India’s ports are located either on east coast or at west coast. The most ports at west coast are “gateway ports”, they are able to send cargo directly to destinations and thus don’t need transshipment facilities that much. However, Eastern Coast, most of the business is dependent on transshipment facilities. Since we don’t have well developed transshipment ports, we need to rely on such ports located in other countries for that purpose. Currently 25% of India’s cargo containers are being sent to such facilities in Colombo, Singapore, Port Klang {Malaysia}, Salalah port {Oman} and Jebel Ali {Dubai} for transshipment. Out of this, only Colombo only accounts for around 11%. Use of foreign transshipment ports raises costs and competitiveness of India’s business.

This raises questions –why we cannot develop such ports in India? What are government efforts so far? And where we are lagging behind?

Government Efforts So Far

We note that only a few ports in South India have enough water depth to match global cargo handling efficiencies and function as transshipment hubs. Successive governments in India have tried to develop transshipment ports but so far the progress is dismal. Due to policy paralysis, India has also lost the opportunity to become a large hub for Asia–Africa, Asia-US/ Europe container traffic trade. Currently, the country has only one transshipment facility as Vallarpadam Terminal at Cochin port. In July 2016, the Union Cabinet had approved construction of a new port at Vizhinjam in Kerala. This port is to be built by Adani Ports and Special Economic Zone Ltd (APSEZ) at the cost of Rs. 24969 crore in 3 years.

Another such port is Colachel International Seaport or Enayam port near Kanyakumari in Tamil Nadu for which the Union Government has given in principle approval. This Rs. 28000 crore port is to come up on land which includes 500 acres of land reclaimed from the sea. Vizhinjam and Enayam ports are located only 30 kilometers from each other. All these have same objective, to bring back transshipment of India and Indian sub-continent to an Indian port.

Assessment of Competition

Currently, Singapore is the busiest trans-shipment port in the world, while Colombo is among top 15. As discussed above, Colombo is a hub for transhipments from India and accounts for India’s 10-11% cargo business. The country annually pays Rs. 1500 crore for transshipment to these ports. Further, in Hambantota in the south of Sri Lanka, China has built a sea port & airport. China is also developing Pakistan’s Gwadar seaport as a part of China-Pakistan Economic Corridor.

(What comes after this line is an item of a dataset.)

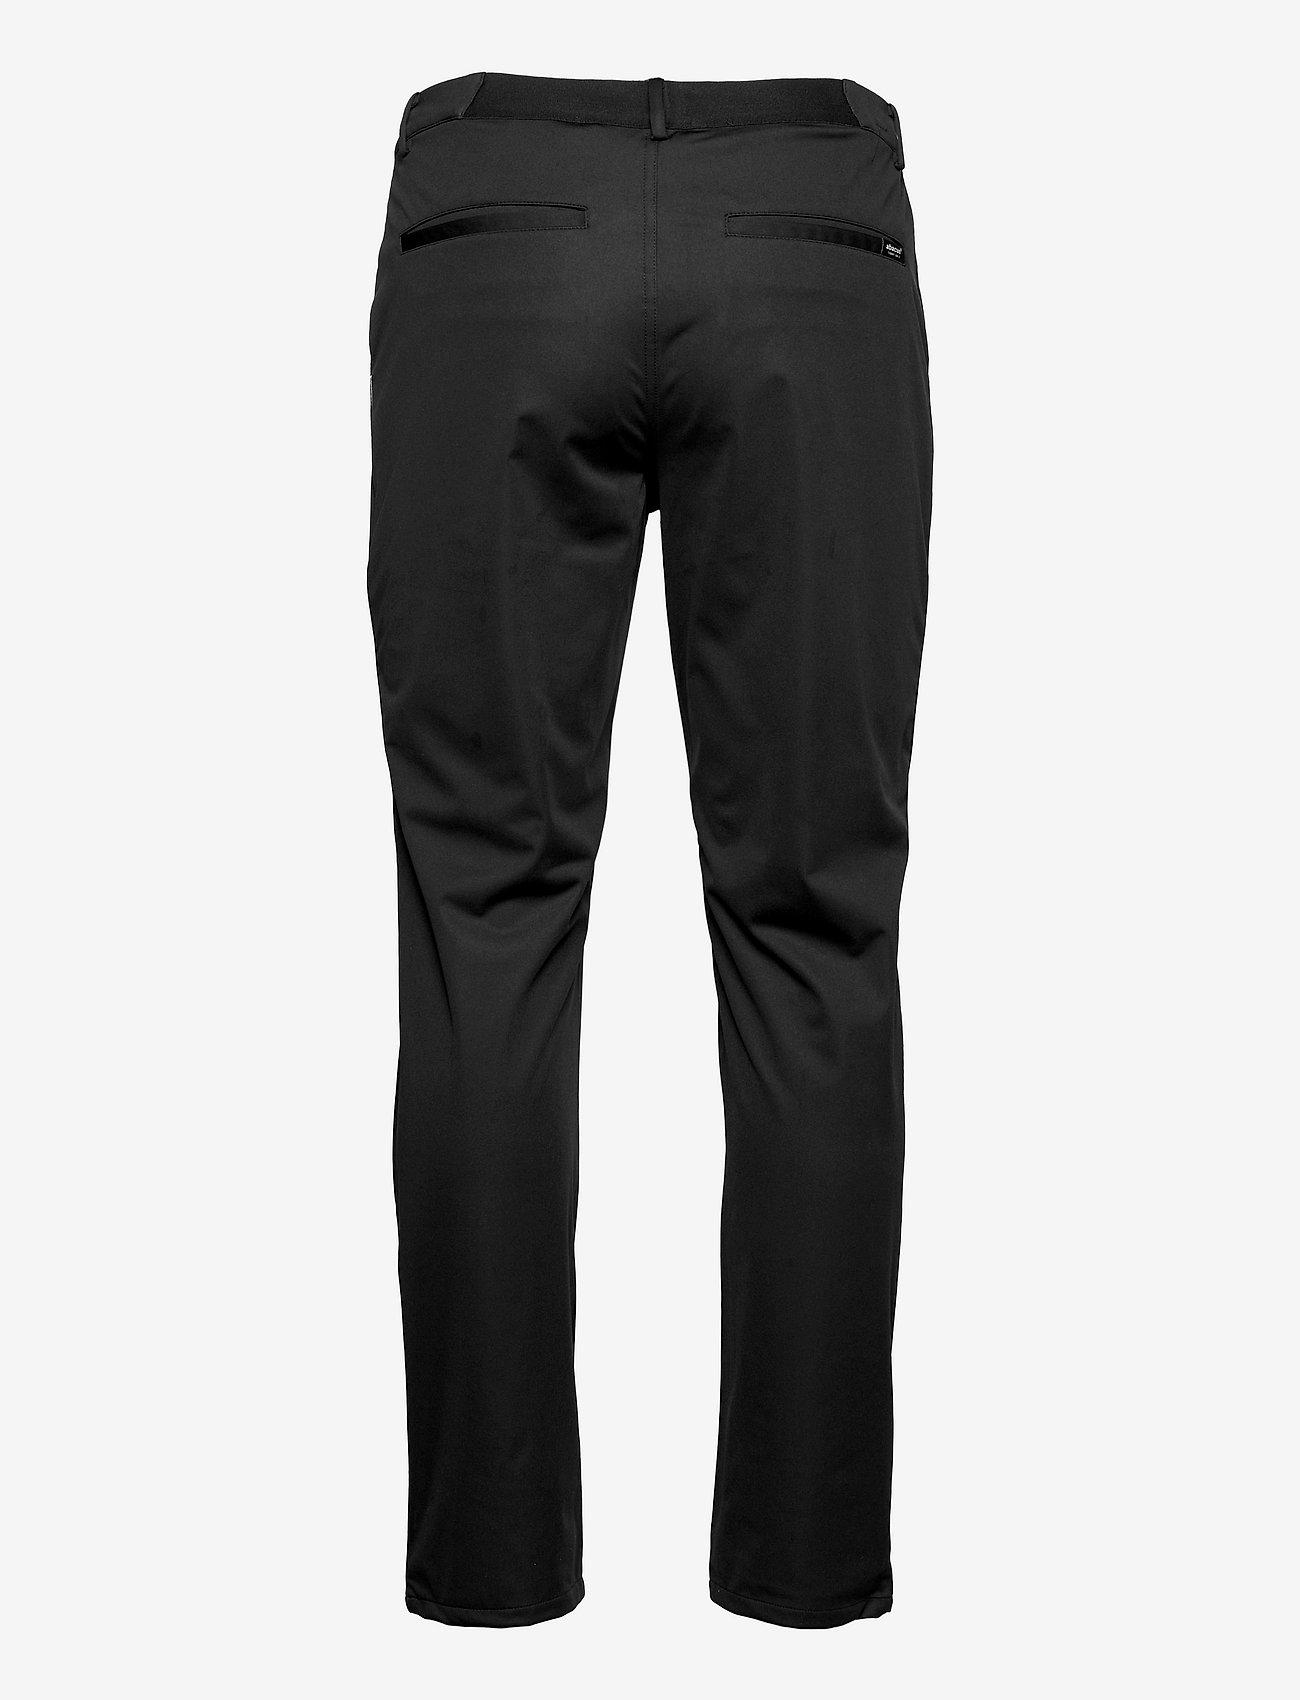 Abacus - Mens Tralee trousers - pantalon de golf - black - 1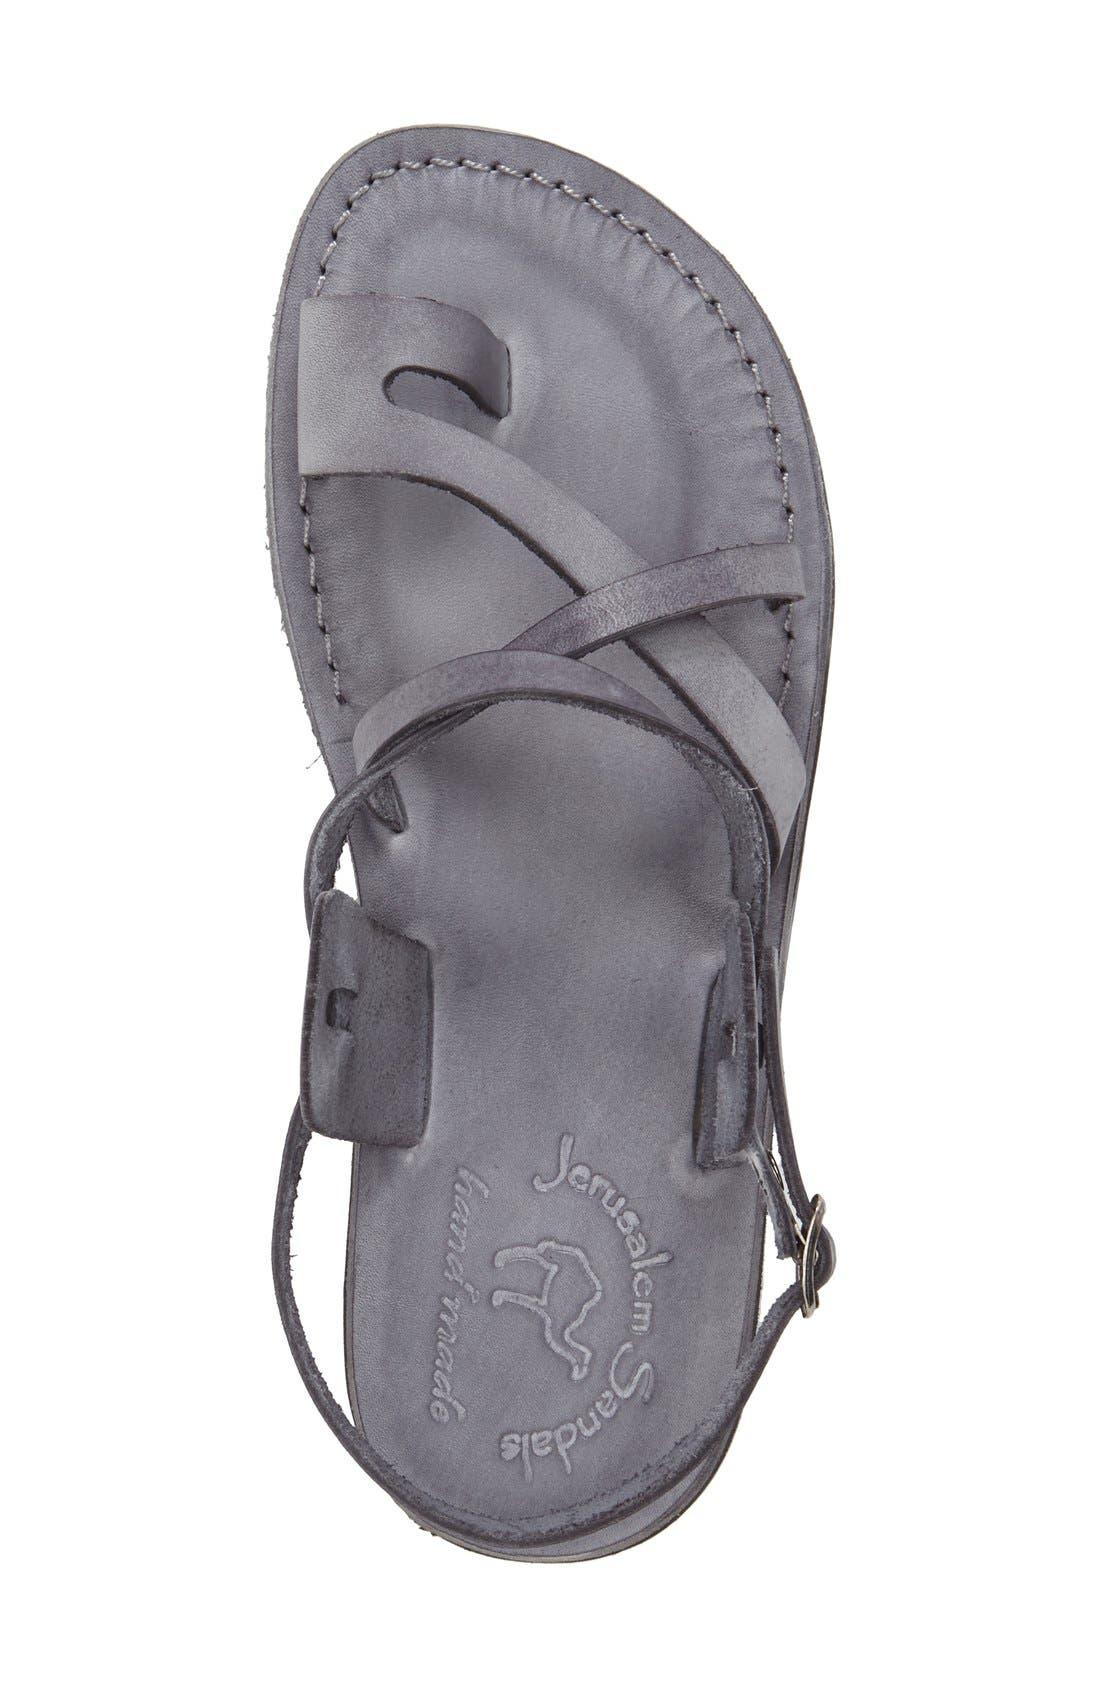 'The Good Shepherd' Leather Sandal,                             Alternate thumbnail 3, color,                             GREY LEATHER

Performance of Vallarpadam Terminal

India’s Vallarpadam terminal has been struggling so far and has not been able to cause even a scratch on the back of Colombo. This is mainly because of these reasons: Firstly, a depth of 14.5 metres at Vallarpadam is insufficient to attract big mainline ships with a capacity to carry over 10,000 TEUs. {TEU= Twenty-foot equivalent unit, or the size of a standard cargo container}. Secondly, this terminal was stung by India’s red tape. It started in 2011 but took several years to ease rules and allow foreign flagged container ships to ply between Vallarpadam and other Indian ports carrying export-import containers.

What should be done?

During all these years, Colombo has become much stronger while Vallarpadam has struggled. The development of two new ports raises hope of India’s rise in transshipment field.  Enayam and Vizhinjam’s business proposition is that they can complete for a share of the world’s transshipment cargo since India lies nearly at the mid-point of the east-west trade. However, transshipment is totally a cost game. India will not only need fast track development but also need to be competitive in rates to compete with Colombo. The government will also need to further relax the cabotage rules and attract Indian containers trans-shipped through foreign hub ports to Indian ports.